**WHAT YOU ARE ASKED TO DO**: In the listing, locate the line containing "Twice Nice Master Bedroom Update", then quote it and all following lines exactly. Omit pictures.

**PROVIDED DATA**:
■ ■ ■ ■ ■

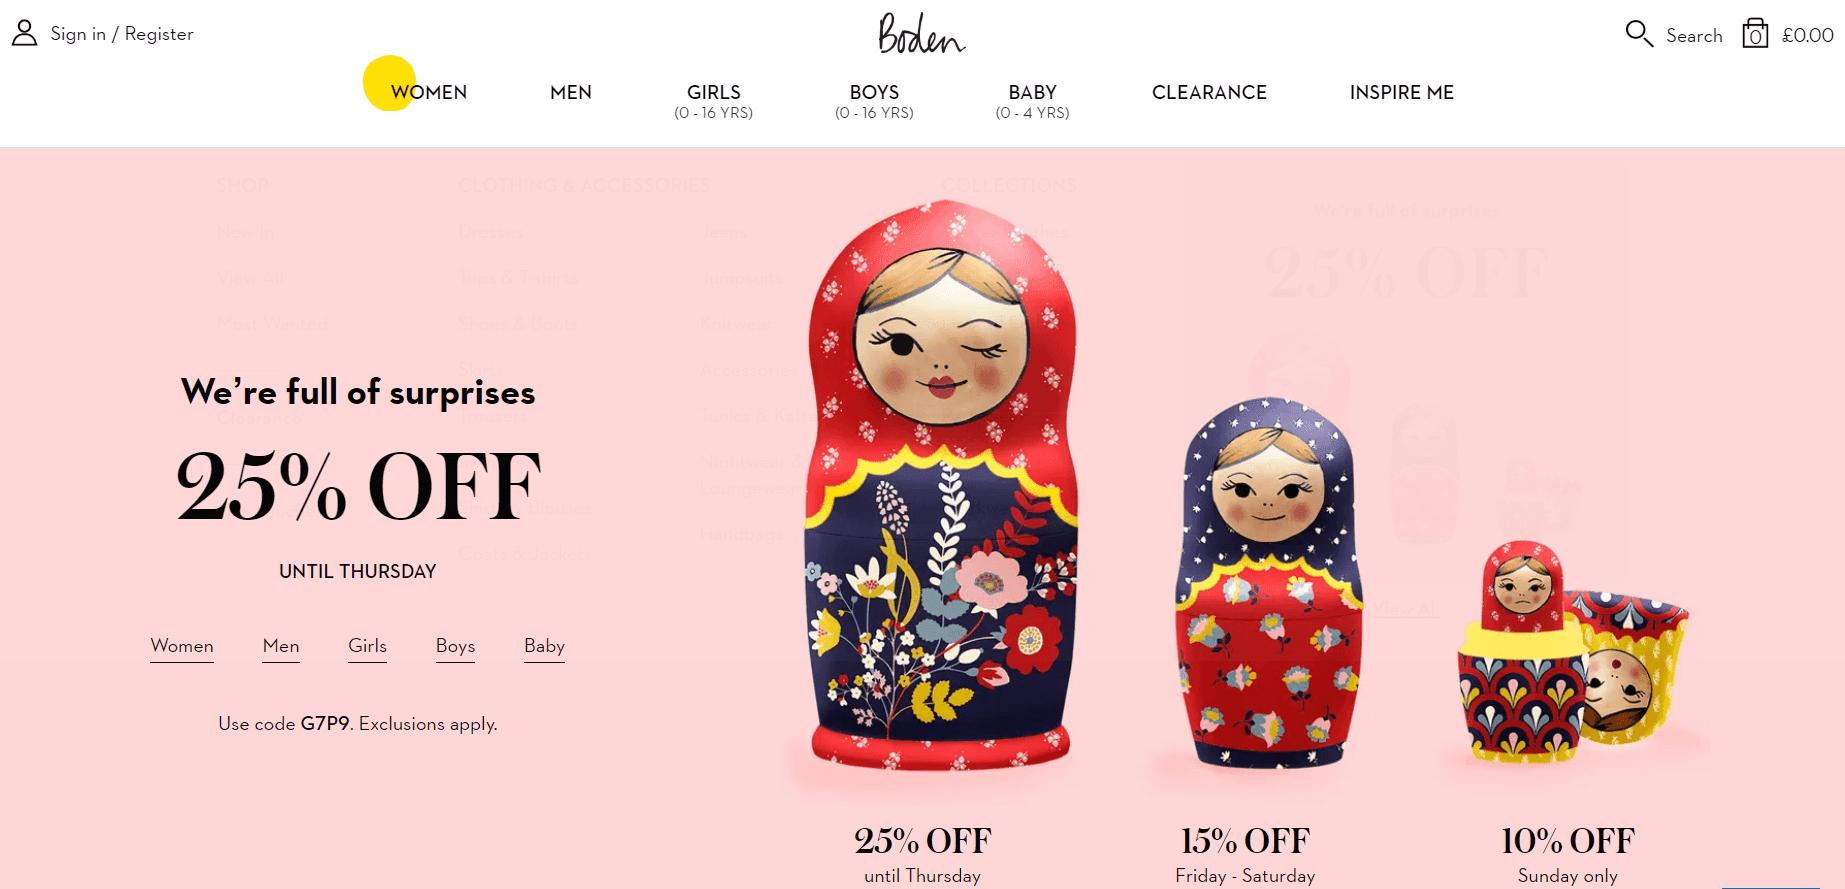 myMeest.com | Доставка покупок из интернет-магазинов мира | Сервис онлайн-шопинга - 2
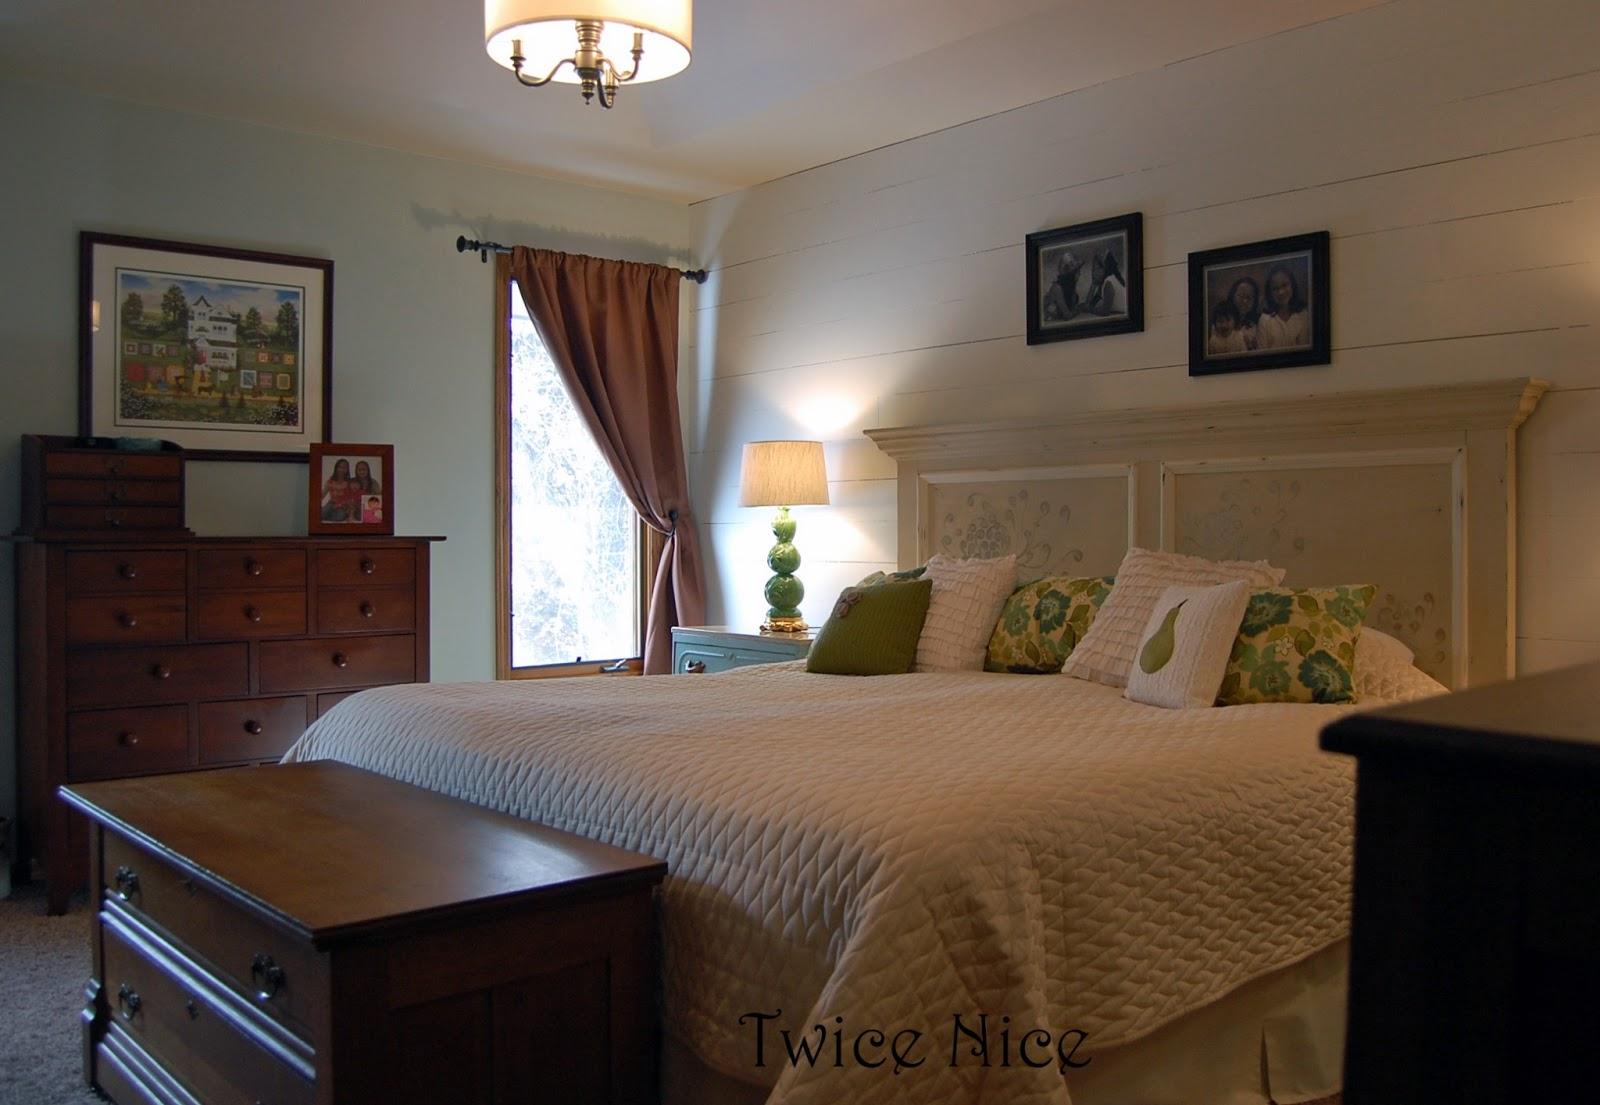 Twice Nice Master Bedroom Update
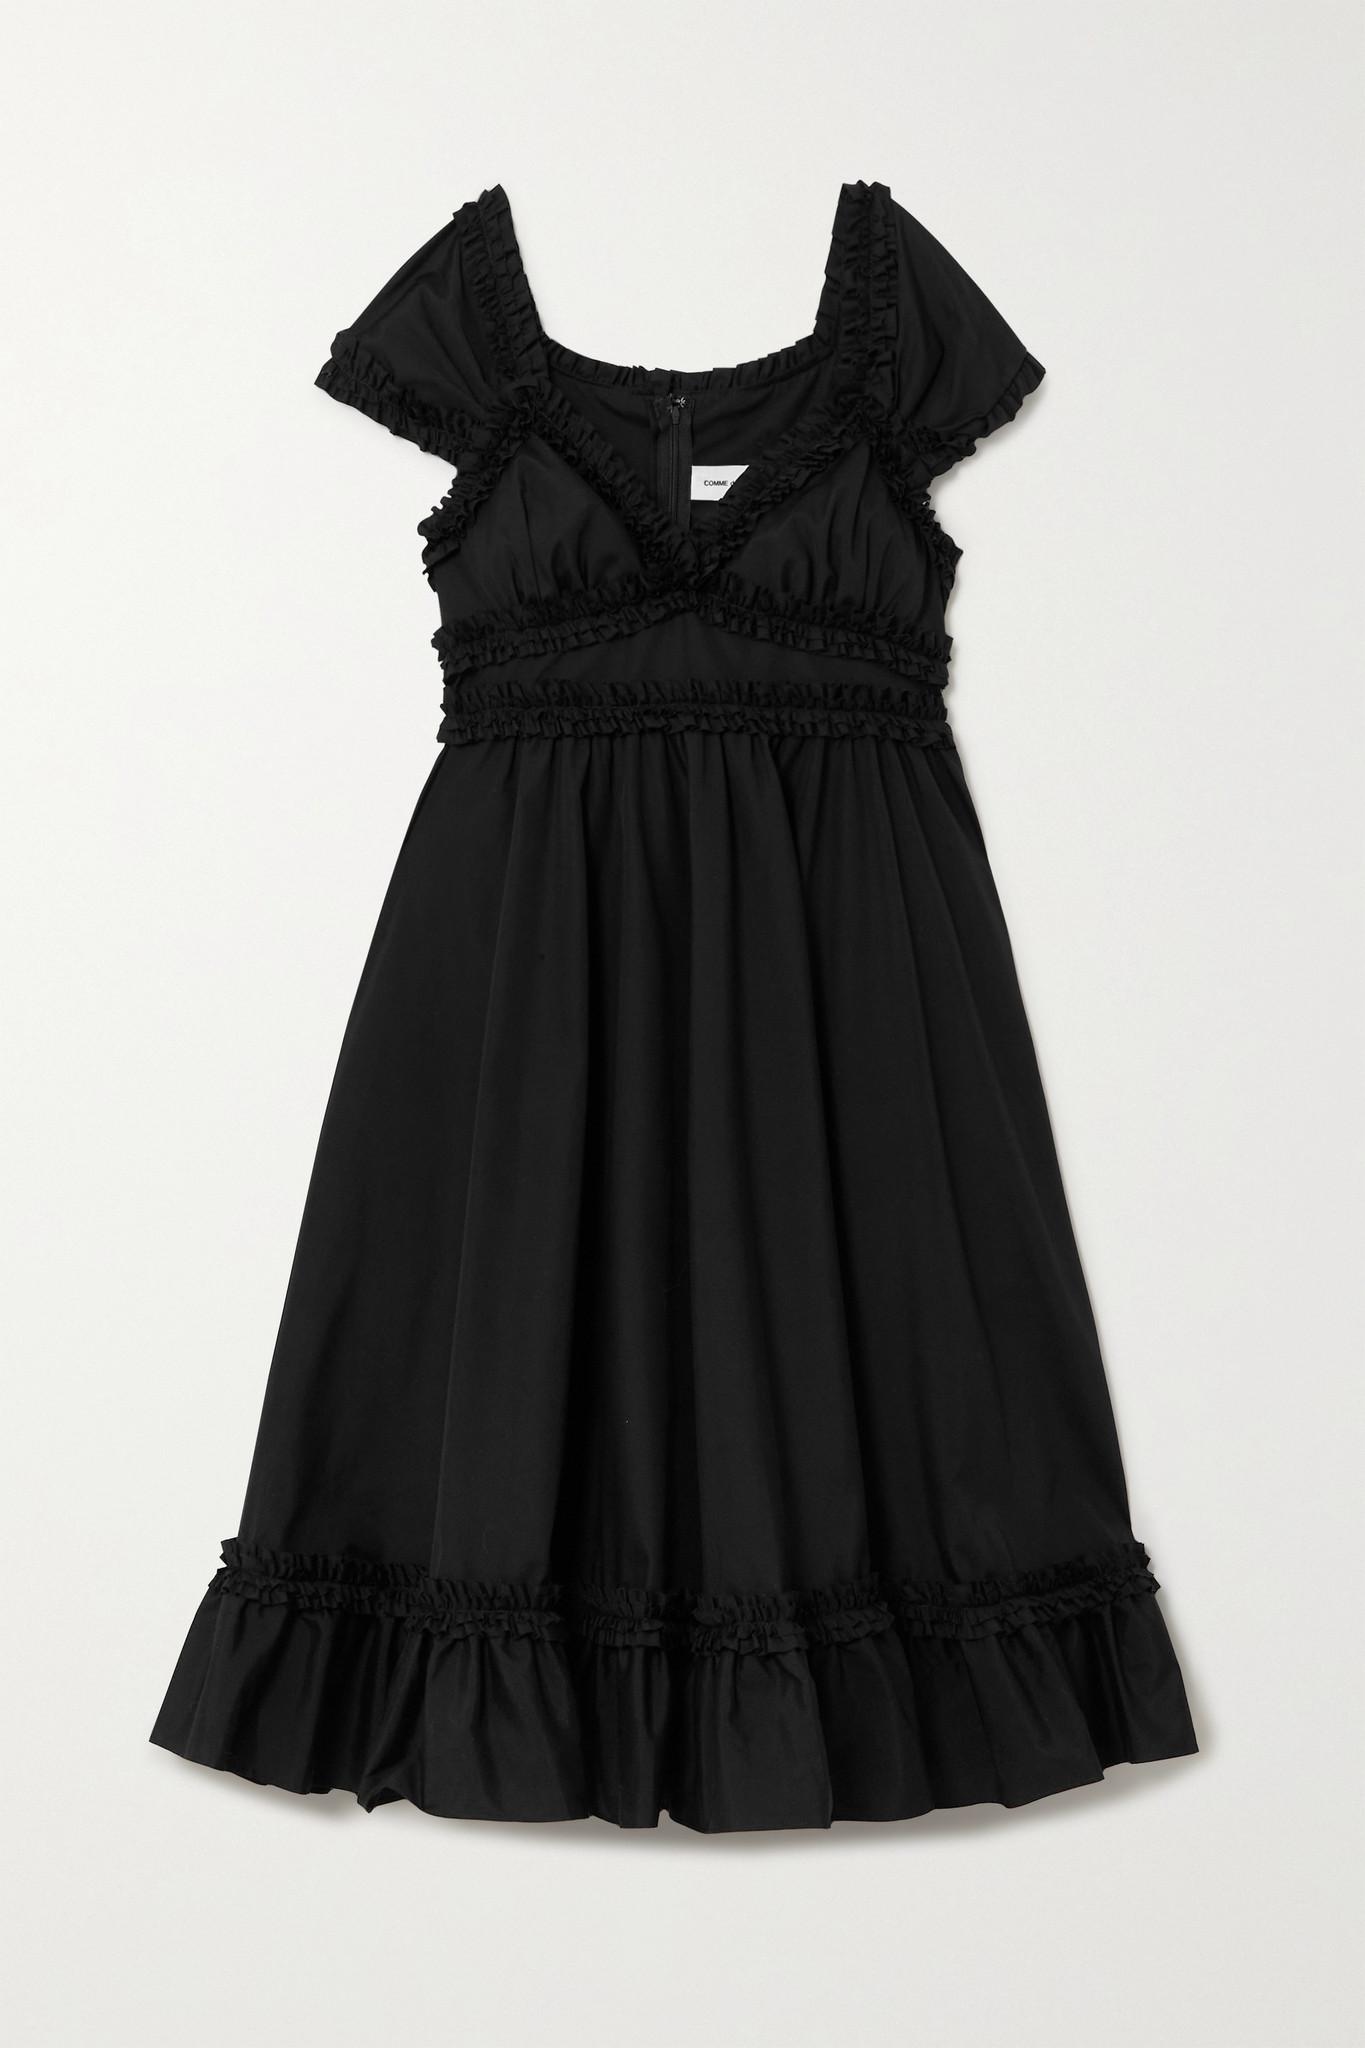 COMME DES GARÇONS GIRL - Ruffled Cotton Dress - Black - medium

■ ■ ■ ■ ■

**EXPECTED OUTPUT**:
 Twice Nice Master Bedroom Update
 COMME DES GARÇONS GIRL - Ruffled Cotton Dress - Black - medium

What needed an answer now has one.